◆ **THE PROBLEM**
Write out the entries below exactly, but only from the line containing "Alliance For u00eats" through the line containing "Ferrara – Ref 10040", and without the pictures.

◆ **RECORDS PROVIDED**
*** Block opens ***

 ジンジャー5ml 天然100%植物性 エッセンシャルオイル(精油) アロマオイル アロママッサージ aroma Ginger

*** Block closes ***
*** Block opens ***

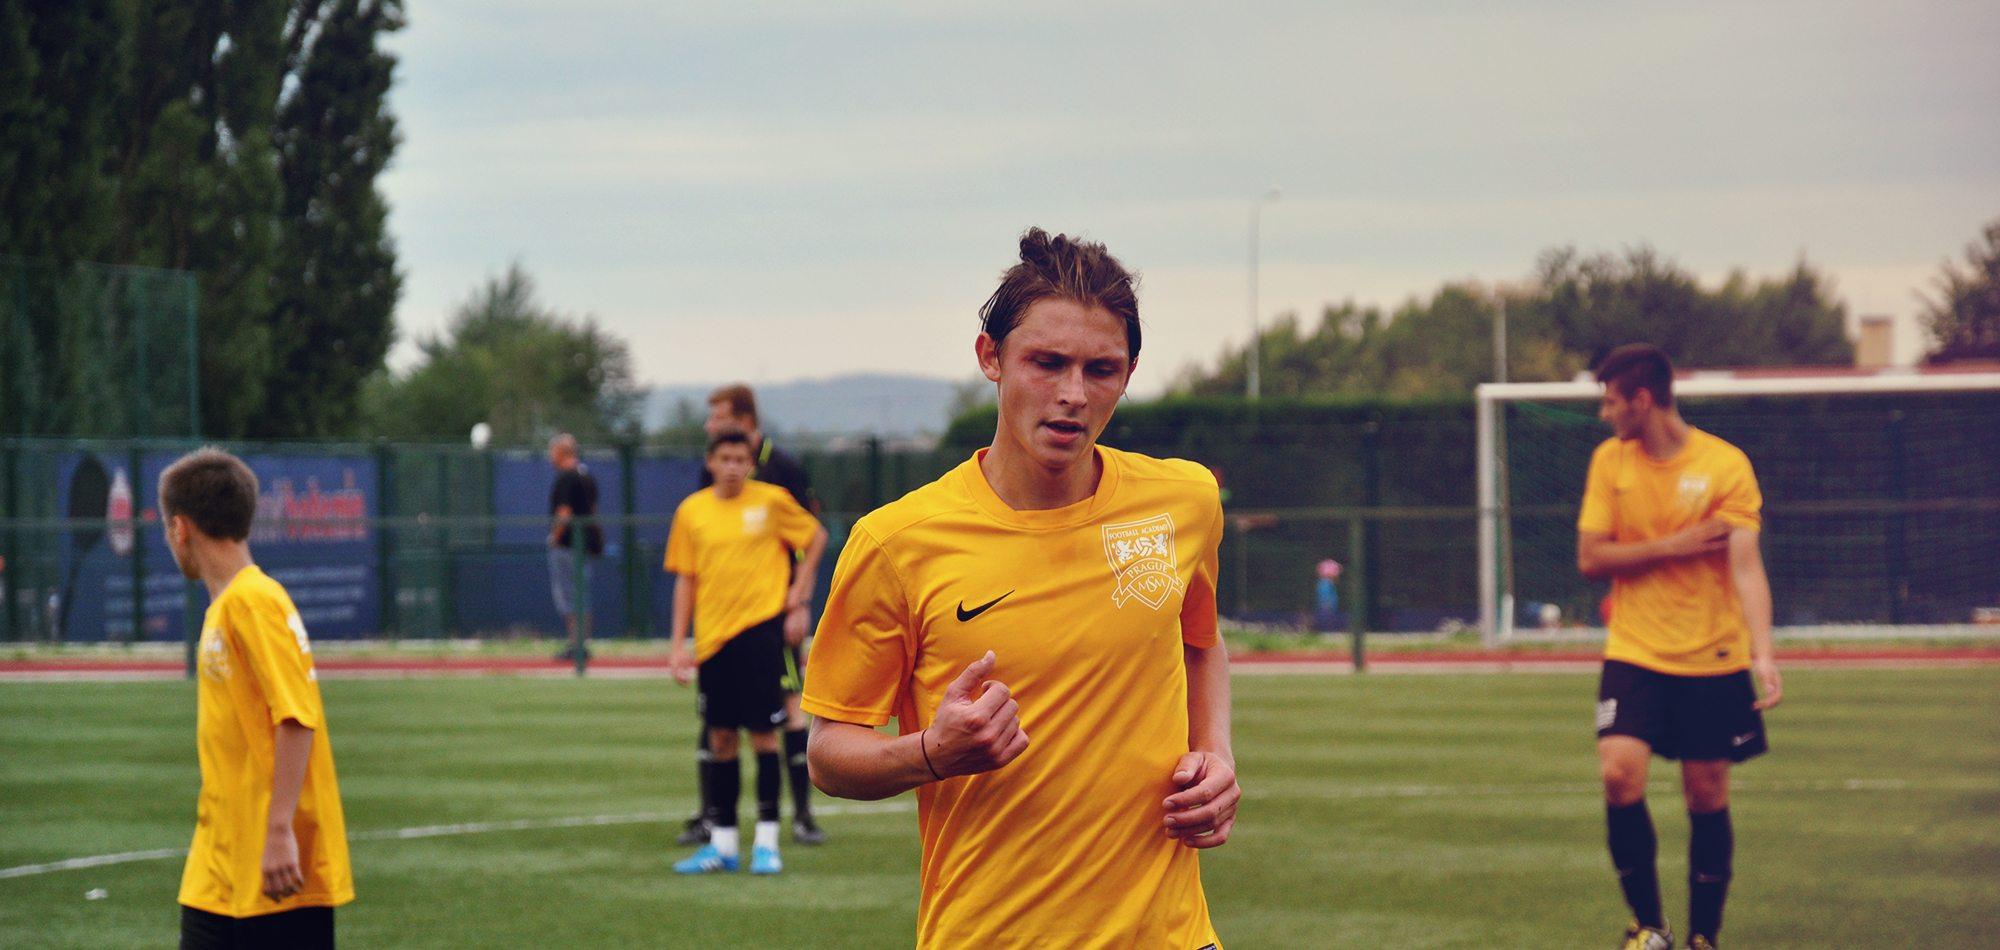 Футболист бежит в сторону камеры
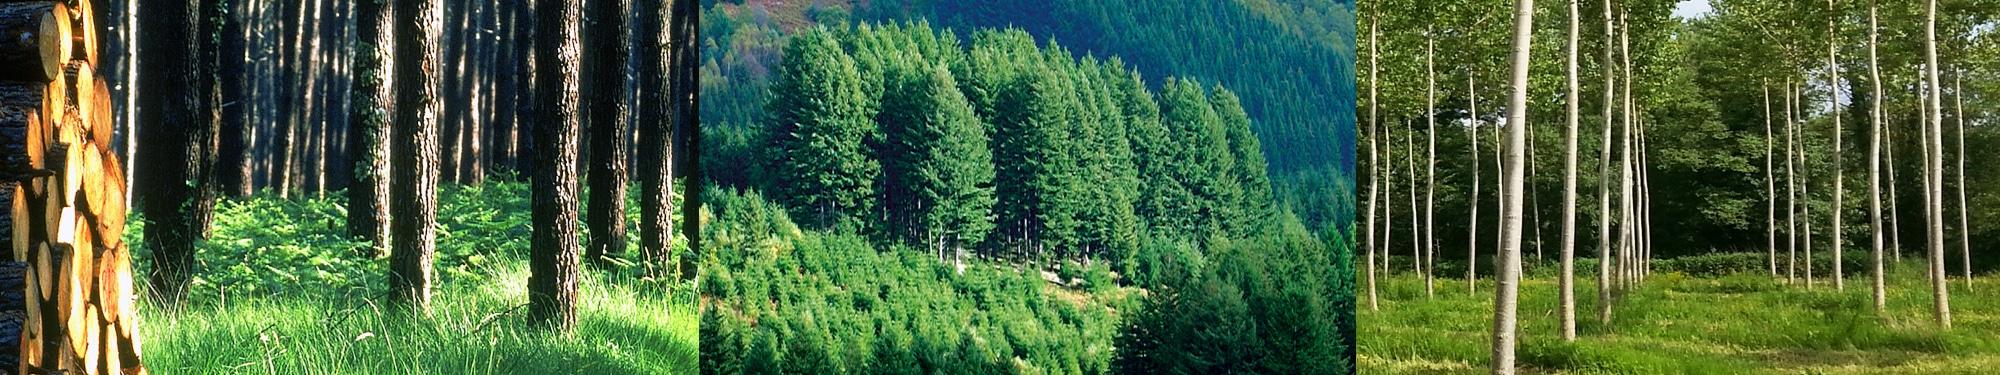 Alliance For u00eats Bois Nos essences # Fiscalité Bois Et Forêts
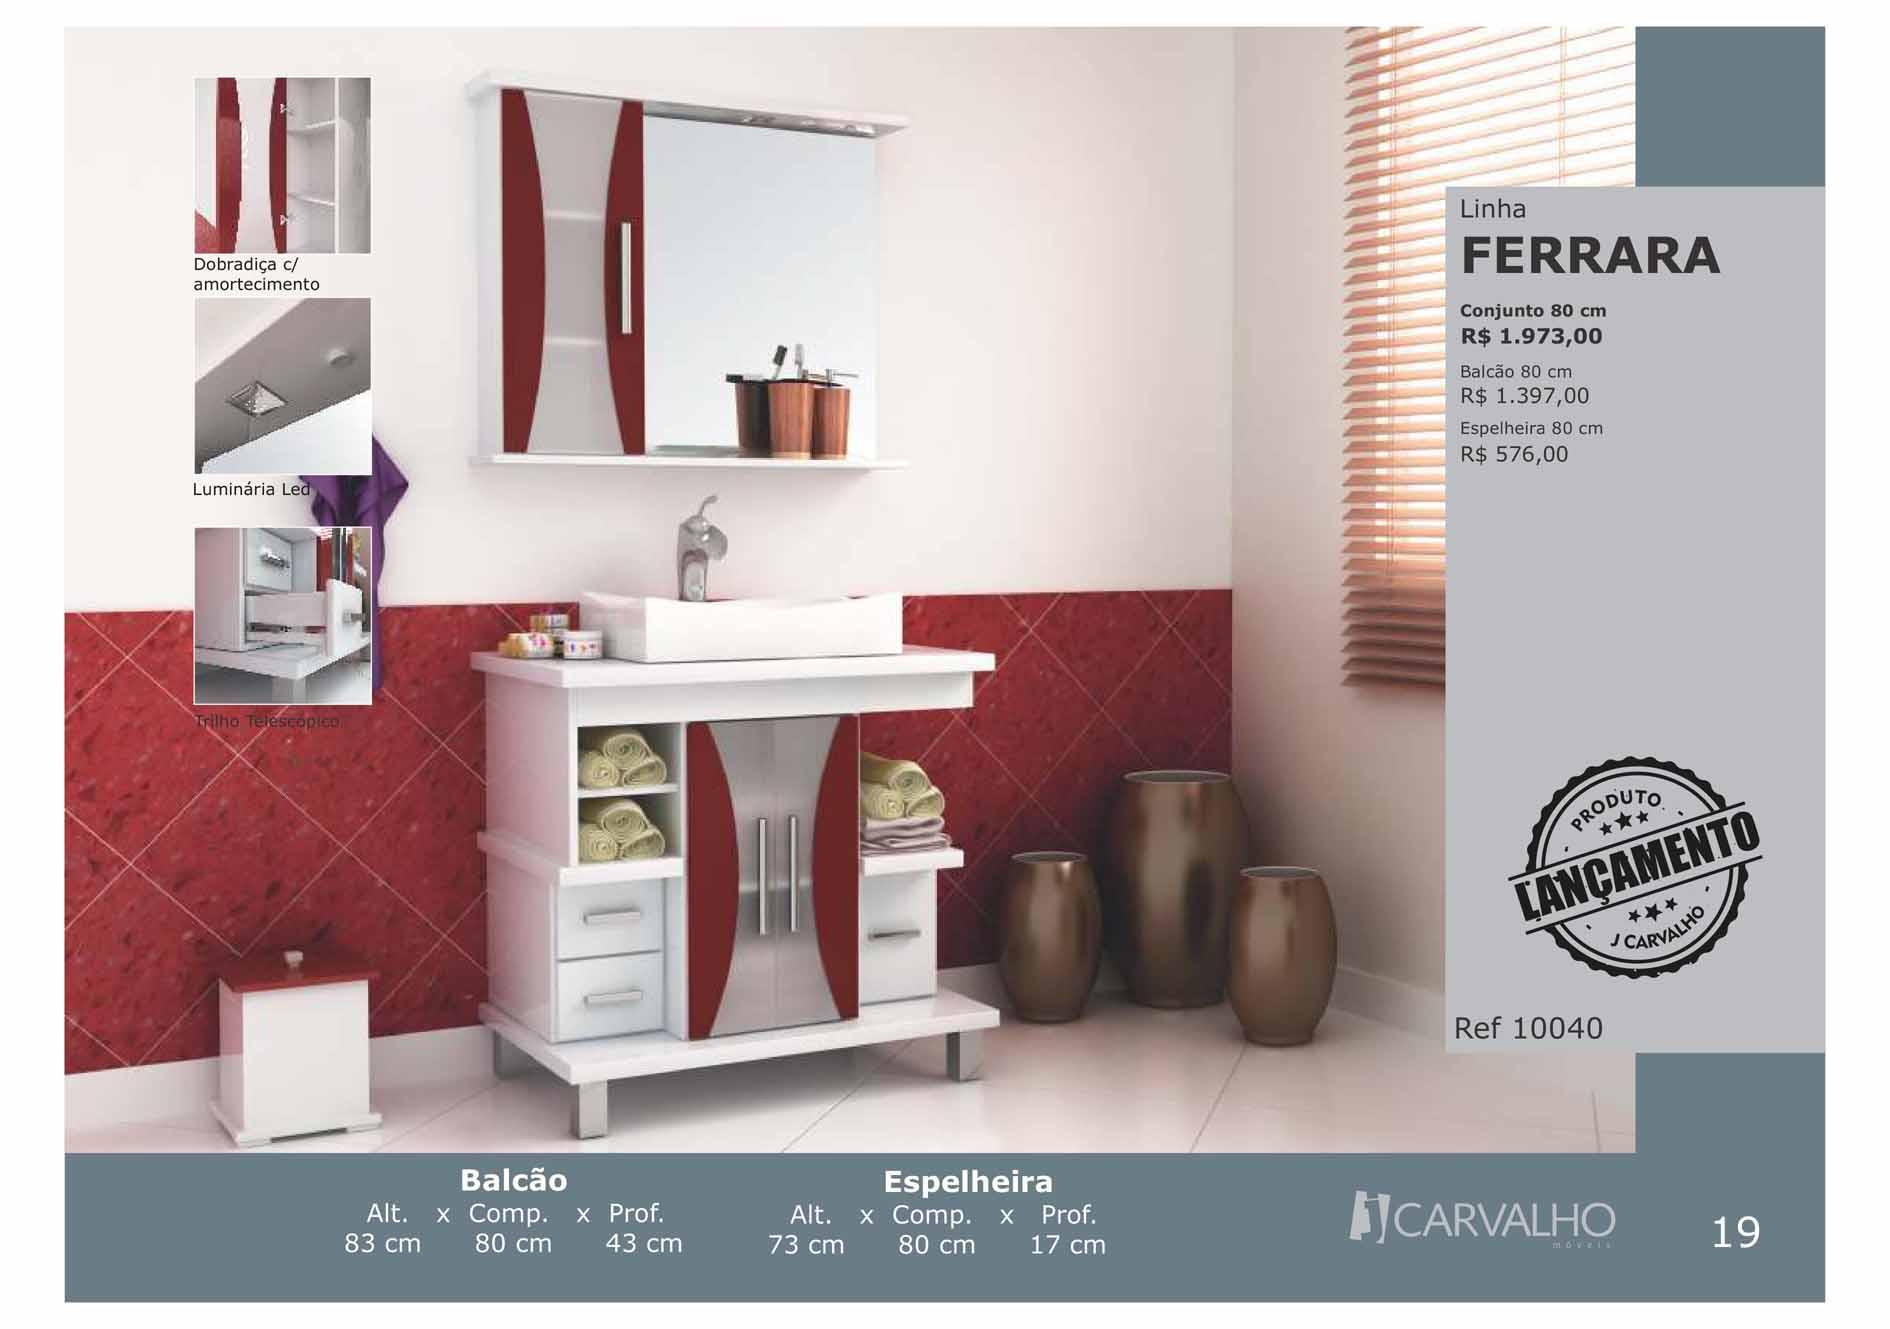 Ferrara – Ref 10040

*** Block closes ***

◆ **SOLUTION TO THE PROBLEM**
 Alliance For u00eats Bois Nos essences # Fiscalité Bois Et Forêts
 Ferrara – Ref 10040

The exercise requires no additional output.